Transcribe every line below exactly; no image goes into the output.

___ EXERCISE DATA ___

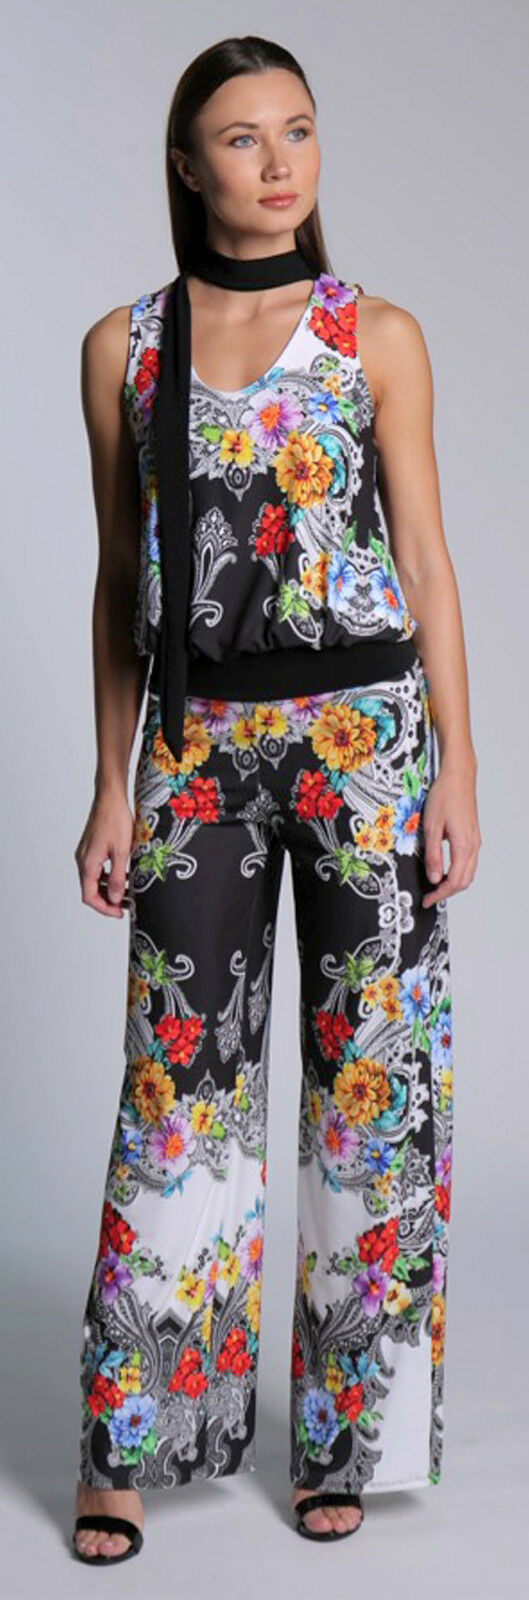 Julian Chang Designer  Jumpsuit  Weiß Multi Floral Print Sz XLarge
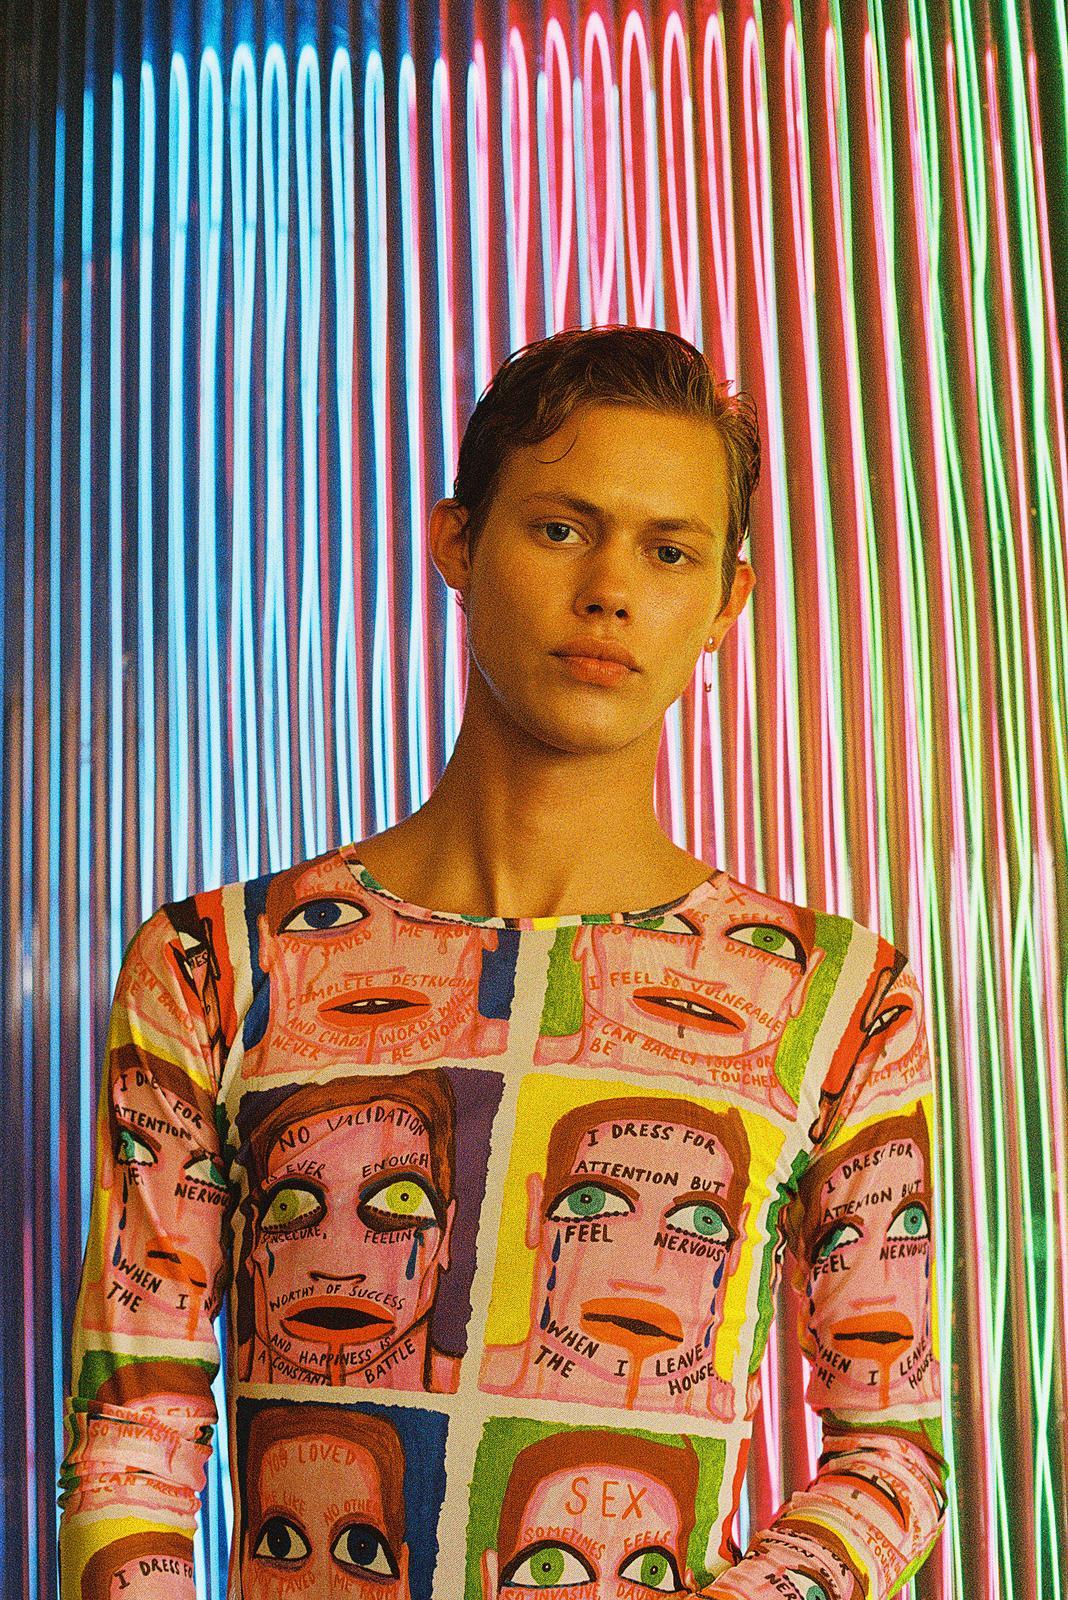 Patrick Church fashion design
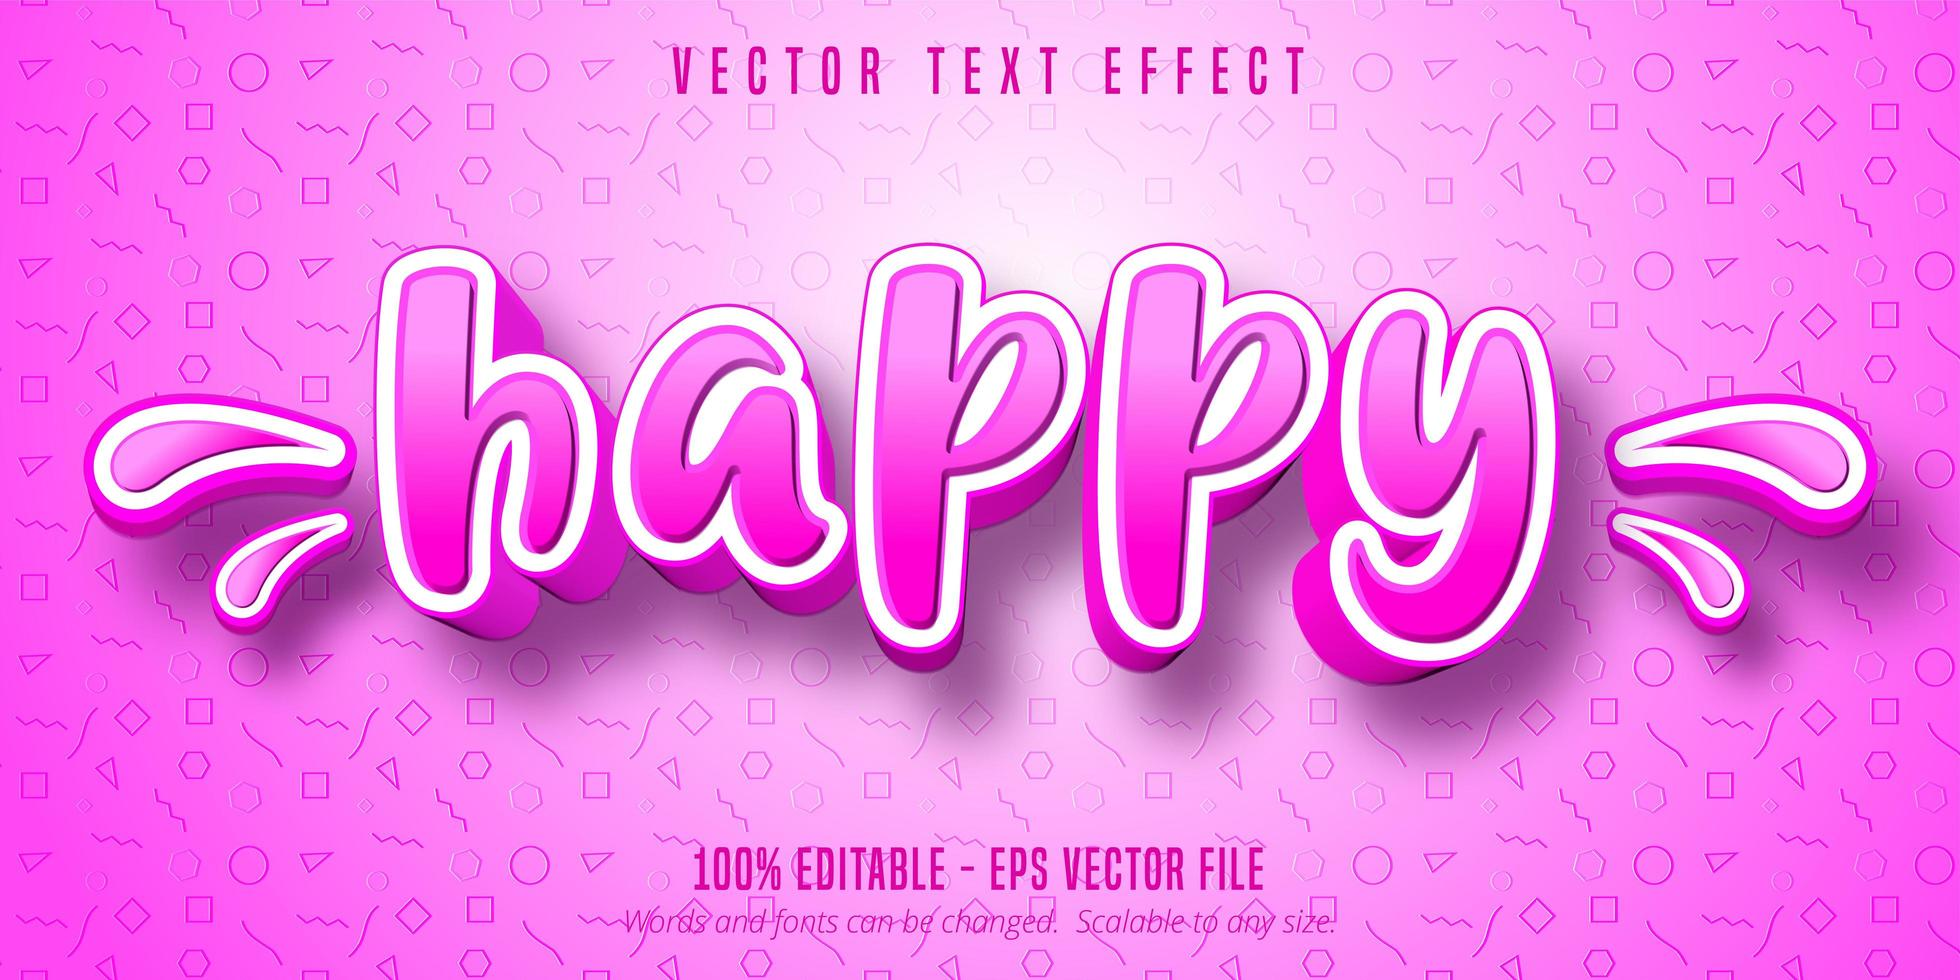 efeito de texto editável estilo cartoon feliz rosa e branco vetor
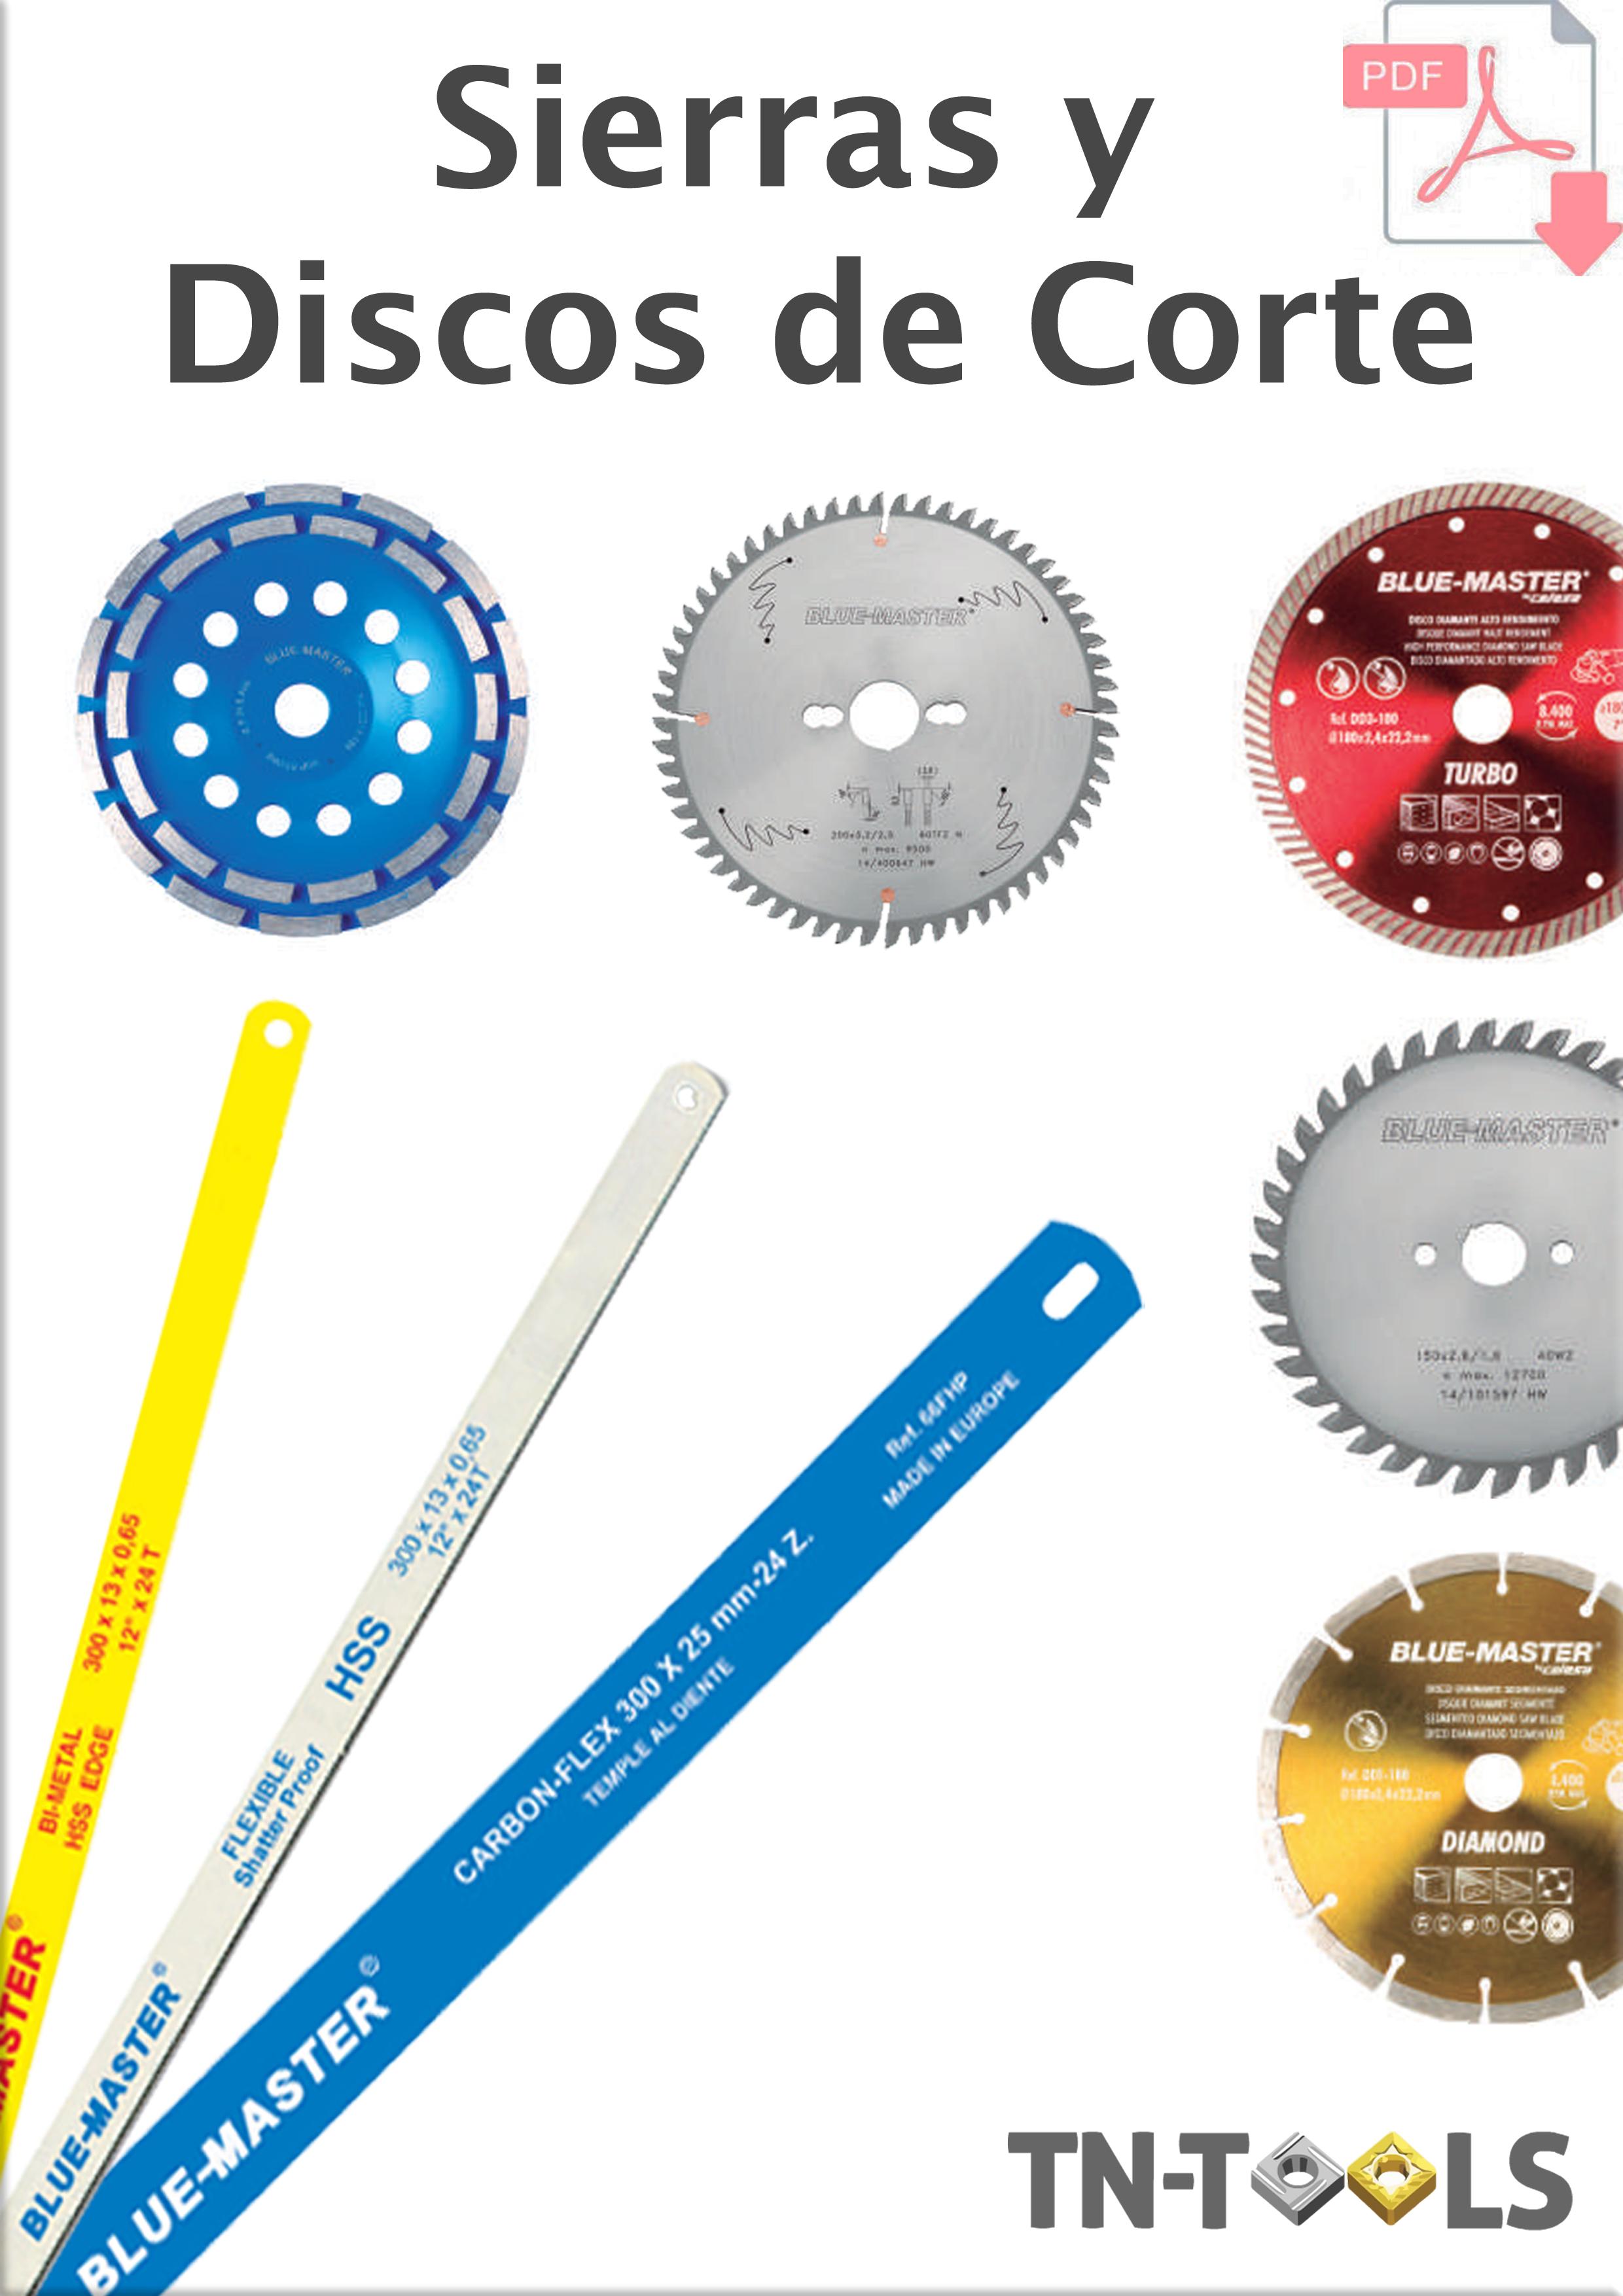 Catálogo de Sierras/Discos con Precios

___

## [ANSWER FOR THIS EXERCISE]
 Julian Chang Designer  Jumpsuit  Weiß Multi Floral Print Sz XLarge
 Patrick Church fashion design
 efeito de texto editável estilo cartoon feliz rosa e branco vetor
 Catálogo de Sierras/Discos con Precios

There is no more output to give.